British Prime Minister Boris Johnson said on Sunday his government would iron out what he described “technical issues” with the European Union over post-Brexit trade.
Asked about an article in which his Brexit adviser David Frost says the EU should “shake off any remaining ill will towards us for leaving”.
“I think this is one of those issues we were always bound to have in the early stages of our new relationship with our friends in the EU and the various technical issues that we are going to iron out,” he told reporters.
“I am full of optimism about the future and the partnership that we are building.” Boris Johnson expressed his gratitude on Sunday to health workers, responding to criticism over his government’s pay proposal by saying he had tried to give the service as much as he could.
Johnson, who himself was treated in hospital last year when he became severely ill with COVID-19, has come under fire for failing to meet his promise to look after health workers who have been fighting a coronavirus pandemic for more than a year by proposing a 1% pay increase for the National Health Service.
Earlier, Britain’s opposition Labour Party stepped up its criticism of the government’s budget, calling the pay offer to health workers “reprehensible” and pledging to vote against its freeze on income tax thresholds.
But Johnson defended his government by saying it was investing in the National Health Service and that “we have tried to give the NHS as much as we possibly can”.
Last week, his government set out its plans to help the economy weather the COVID-19 crisis, with finance minister Rishi Sunak promising to do “whatever it takes to support the British people and businesses”.
And while Johnson enjoys a large majority in the lower house of parliament, his Conservative government’s plans have come under fire for what some say is its targeting of lower- and middle-income earners and not being generous enough to health workers, after a year of battling the coronavirus pandemic.
Johnson, who was the face of Britain’s campaign to leave the European Union in a 2016 referendum, promoted what has become a disputed promise that Brexit would free up an extra 350 million pounds a week for the NHS.
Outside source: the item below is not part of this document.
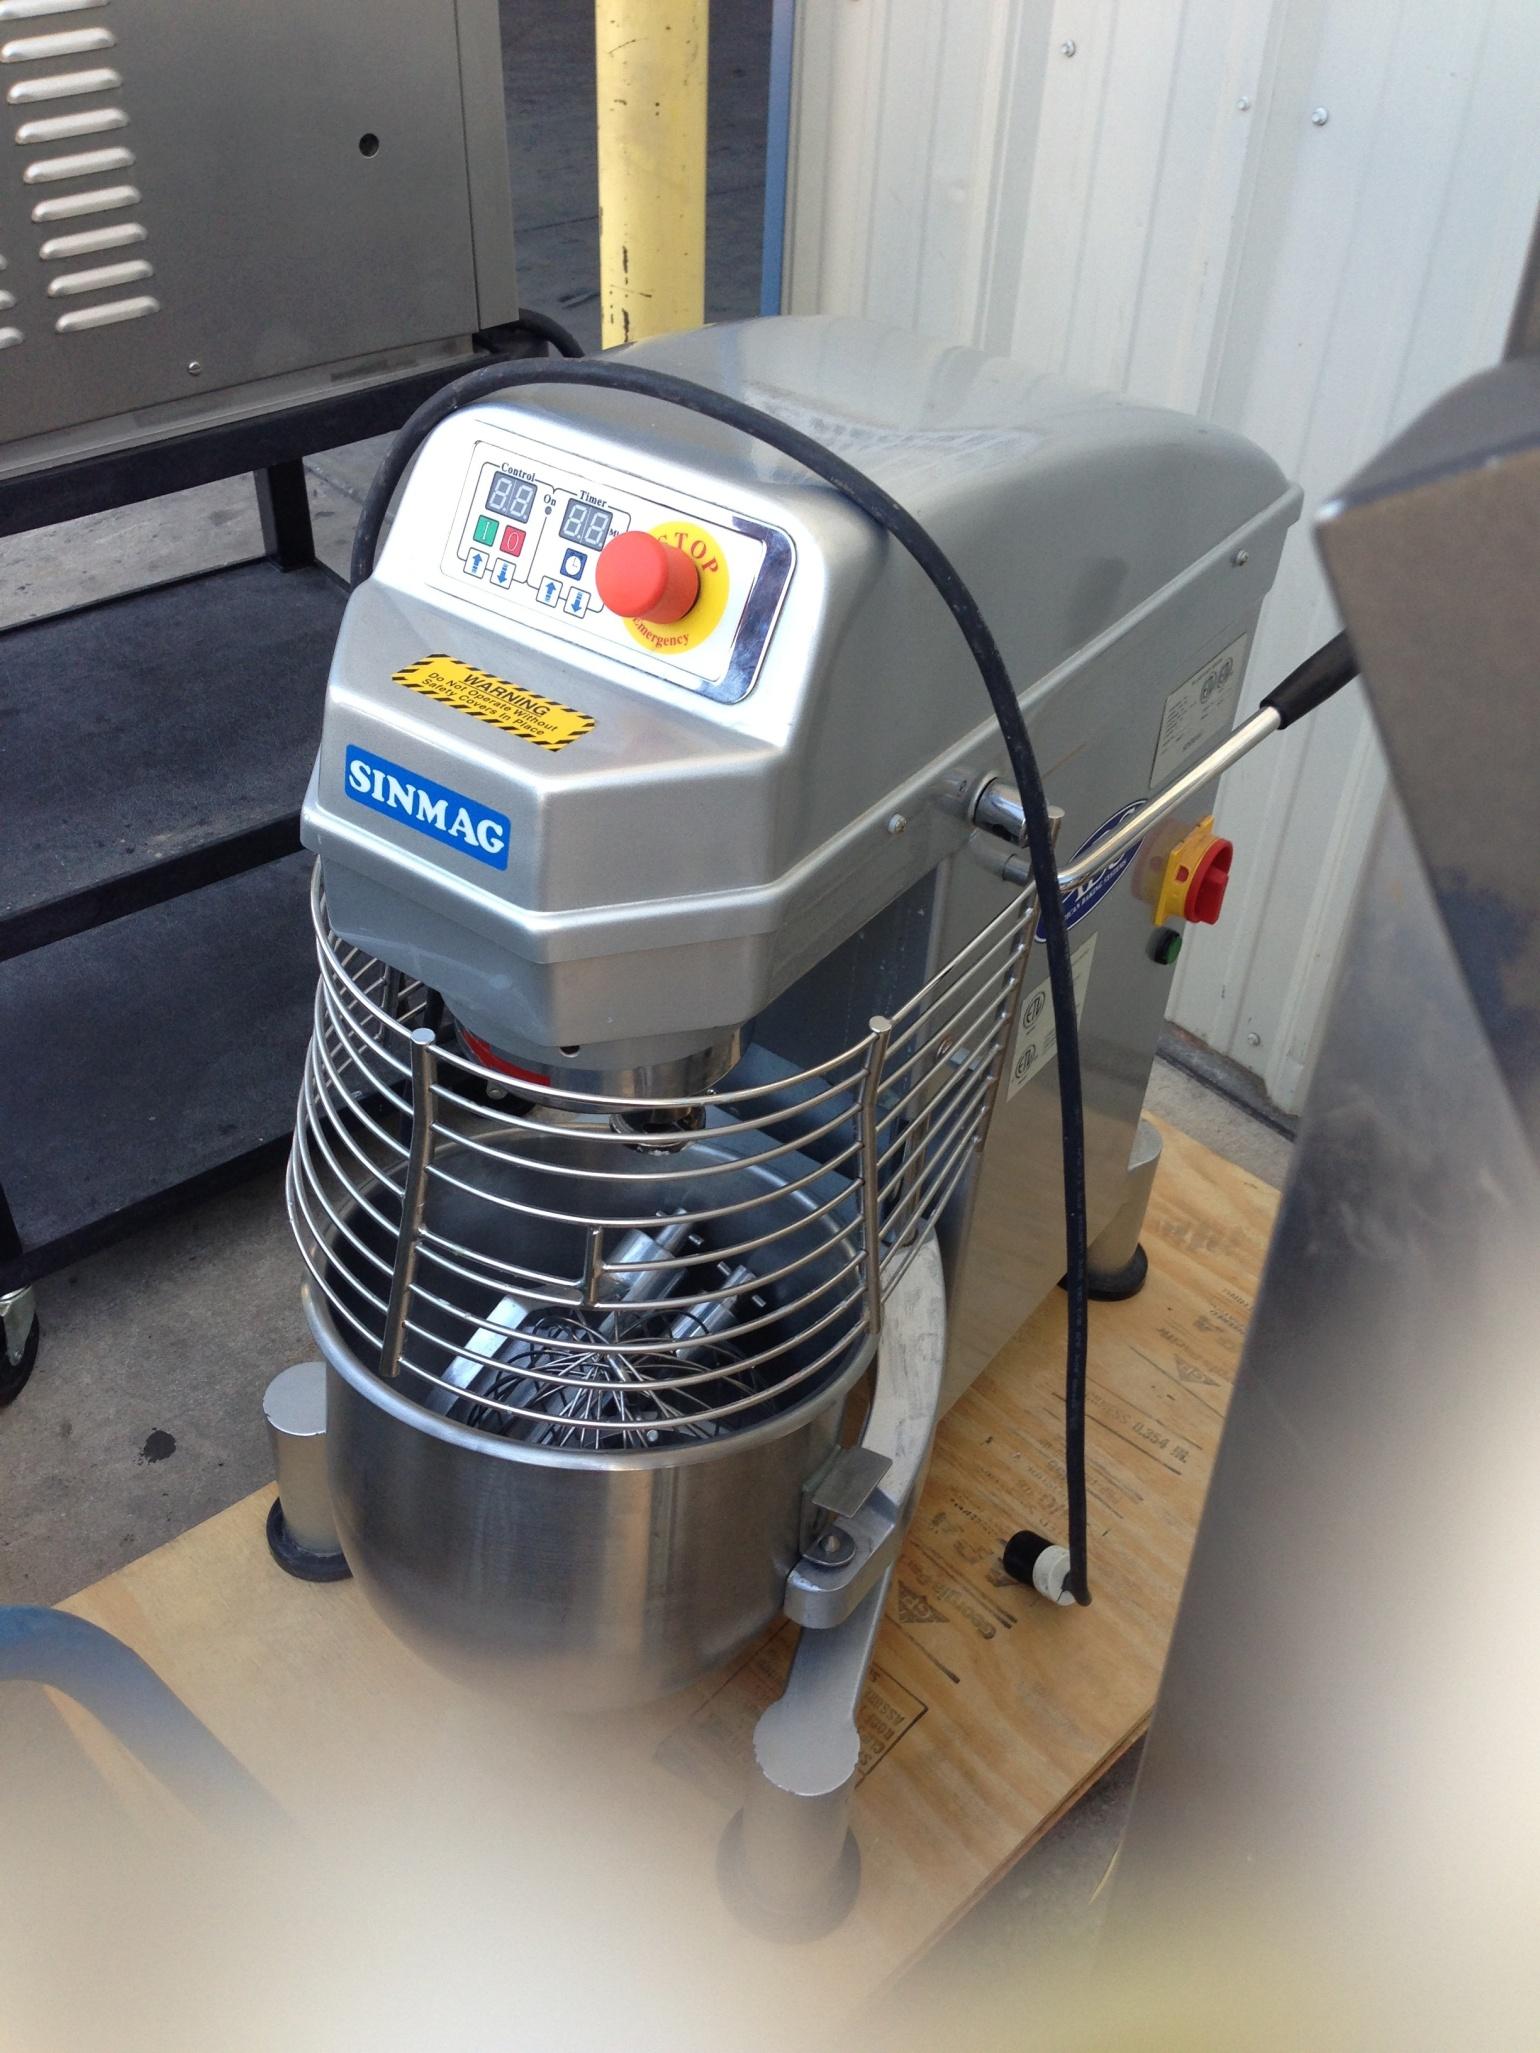 Sinmag Dough Mixer

But in the budget, the government proposed the 1% pay rise for NHS workers, an offer one nurses union, the Royal College of Nursing, called “pitiful” and has threatened to strike over.
Labour, which is flagging in opinion polls despite criticism of Johnson’s uneven handling of the pandemic, has called on the government to stand by what it said was an earlier commitment to hand NHS workers a 2.1% pay increase.
“The government is not planning a pay rise...That is a real terms pay cut because it doesn’t keep pace with inflation, which is just reprehensible in our view,” Nandy told Sky News.
“In the NHS long-term plan the government budgeted for a 2.1 per cent pay rise, that is what nurses were promised.”
She also said the party would vote against a freeze on income tax levels because “we think that now is absolutely the wrong time to be targeting low- and middle-income earning families for tax hikes and squeezing their incomes”.
Sunak has said the freeze is part of an approach to start fixing the public finances as he looks for ways to raise funds following unprecedented measures to support jobs and the economy during the pandemic.
Government ministers have also said that the pay proposal for NHS workers is what is affordable.
Education Secretary Gavin Williamson told the BBC’s Andrew Marr show that the government was investing large amounts of money into the NHS, showing “we recognise the vitally important role the NHS plays”.
The European Union should shake off its ill will and build a good relationship with Britain as sovereign equals, Britain’s top EU adviser David Frost said on Sunday, promising to stand up for the country’s interests. Writing in the Sunday Telegraph, Frost again defended Britain’s unilateral move to smooth post-Brexit trade between Britain and Northern Ireland, over which the EU has promised to launch legal action for breaching the terms of the Brexit deal.
Since Britain left the EU last year, relations between the two have soured, with both sides accusing the other of acting in bad faith in relation to part of their trade agreement that covers goods movements to Northern Ireland.
Prime Minister Boris Johnson, who has tried to keep his distance from the row, said Britain and the EU would iron out what he described as “technical issues”, saying such issues were bound to happen “in the early stages of our new relationship”.
Frost, who led Britain’s negotiations to secure a trade deal with the bloc, was appointed as a minister and Johnson’s main point man for future ties with the EU earlier this year and looks set to take a firmer approach.
“I hope they will shake off any remaining ill will towards us for leaving, and instead build a friendly relationship, between sovereign equals,” he wrote in an opinion piece.
“That is what I will be working towards, acting constructively when we can, standing up for our interests when we must - as a sovereign country in full control of our own destiny.”